The annual farmland survey released earlier this month by Iowa State University showed a record average cost of land at $8,296 an acre. ISU economist, Mike Duffy, who conducts the survey, says most of the purchases are by those who want to expand.

He says the buyers are typically neighbors or those in the neighborhood, as the vast majority of those buying land are inside Iowa. Duffy says farmers see the high return in corn and soybeans as a reason for investing in more land.
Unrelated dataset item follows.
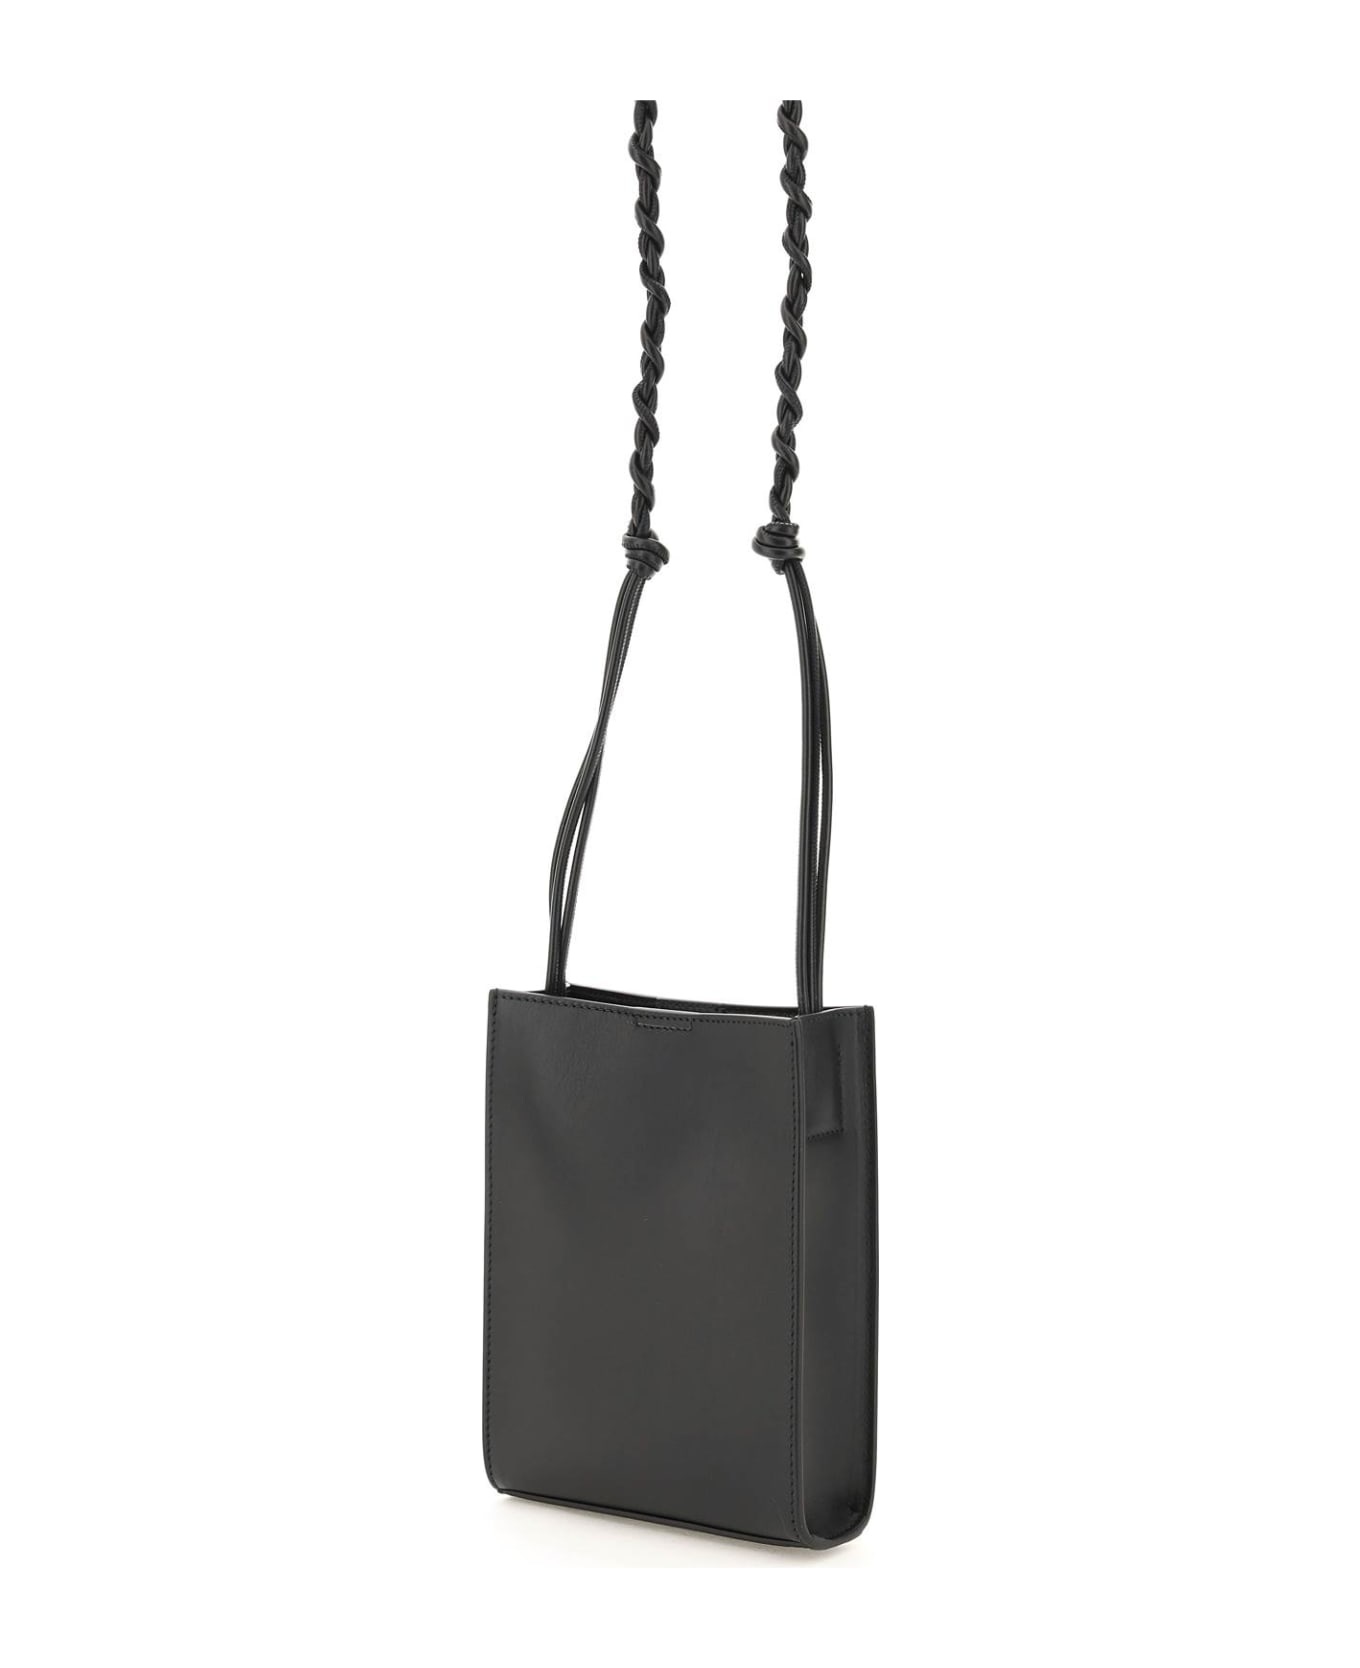 Tangle Crossbody Bag In Black Leather - 2

“What we’re seeing is a continuing increase in the amount of land that’s going to farmers and a decrease in the amount of land going to investors,” Duffy explains. “And that’s I think due to the fact that farmers are the ones making the money off the land right now. Farmers view land in a different way, and so they are in the market much stronger now than the investors are.”

Duffy says there is more transfer of land by inheritance right now than by sale, but he says the higher prices have made some of those who inherit land decide not to keep it.

“I think that’s particularly for non-farming heirs that have inherited. They are looking at the land and saying we would have held onto it with it at two or three-thousand dollars and acre, but with it at eight or nine-thousand dollars an acre, the price of sentimentality went up. We are seeing more activity from that group,” Duffy says.

The annual survey from Iowa State University showed farmland values increased almost 24-percent over last year.